BEYROUTH: Une frappe israélienne a fait huit morts dans la ville libanaise de Saïda, a annoncé mercredi le ministère libanais de la Santé, alors que Washington et ses alliés se sont mis d'accord pour un cessez-le-feu avec l'Iran.

"La frappe de l'ennemi israélien sur Saïda, dans le sud du Liban, a fait, selon un bilan provisoire, huit morts parmi la population civile et 22 blessés", a indiqué le ministère dans un communiqué.

Un photographe de l'AFP présent sur les lieux de l'attaque, qui a touché le front de mer de cette ville côtière, a vu des flammes s'élever d'un café aux vitres brisées qui jonchaient la chaussée.

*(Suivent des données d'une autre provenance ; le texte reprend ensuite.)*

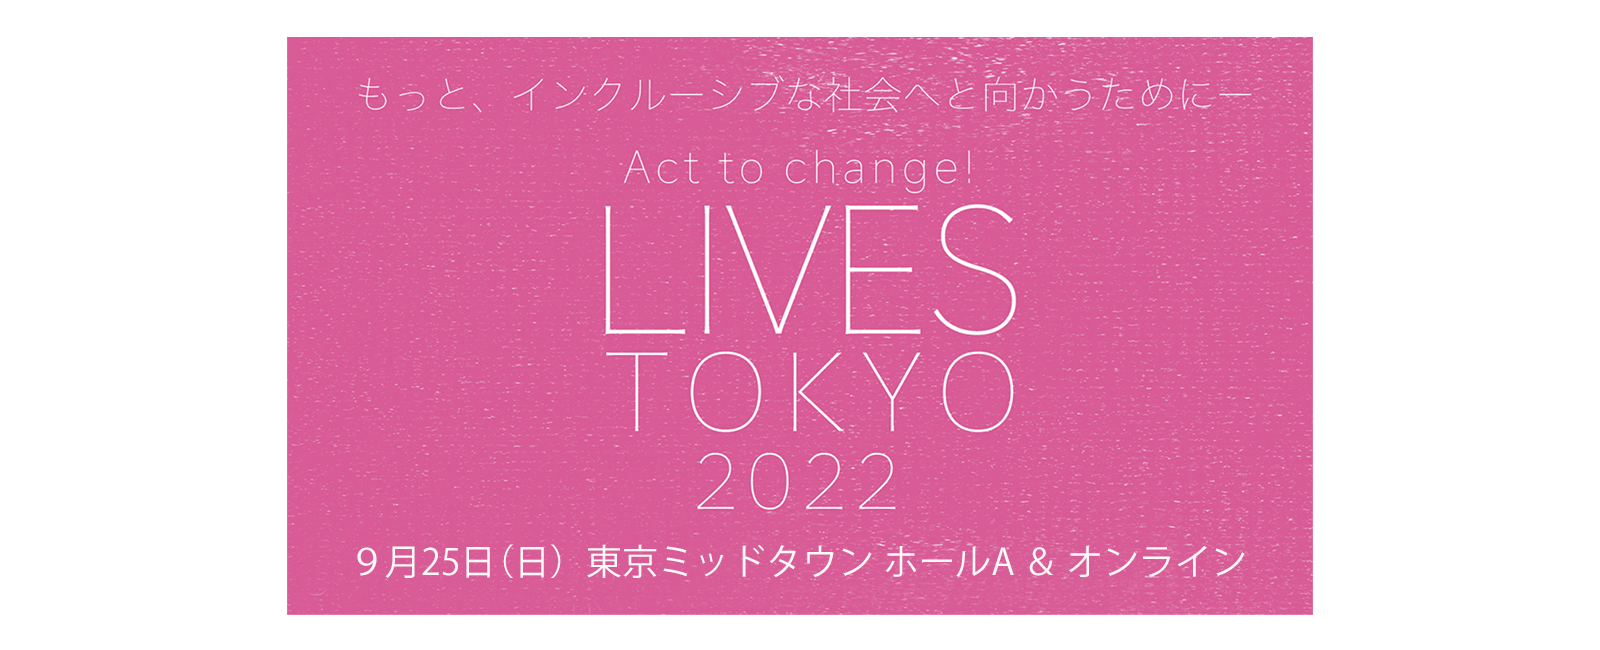 LIVES TOKYO 2022

Les pompiers s'efforçaient d'éteindre l'incendie tandis que l'armée bouclait le secteur. Des voitures stationnées à proximité ont également été endommagées.

"Nous avons été informés d'une frappe sur la route du front de mer à Saïda. Nous avons envoyé deux équipes, mais celles-ci ont demandé des renforts en raison du nombre élevé de victimes", a indiqué à l'AFP Louay Sabeh, secouriste au sein d'une association locale.

Les équipes de secours ont transporté au moins six blessés depuis les lieux de l'attaque, a-t-il précisé.

Cette frappe est survenue peu avant que le Premier ministre pakistanais Shehbaz Sharif affirme que les Etats-Unis, l'Iran et leurs alliés avaient accepté un cessez-le-feu de deux semaines "partout", y compris au Liban.

Le Pakistan a joué le rôle de médiateur entre les Etats-Unis et l'Iran dans le but de mettre fin à plus de cinq semaines de guerre au Moyen-Orient.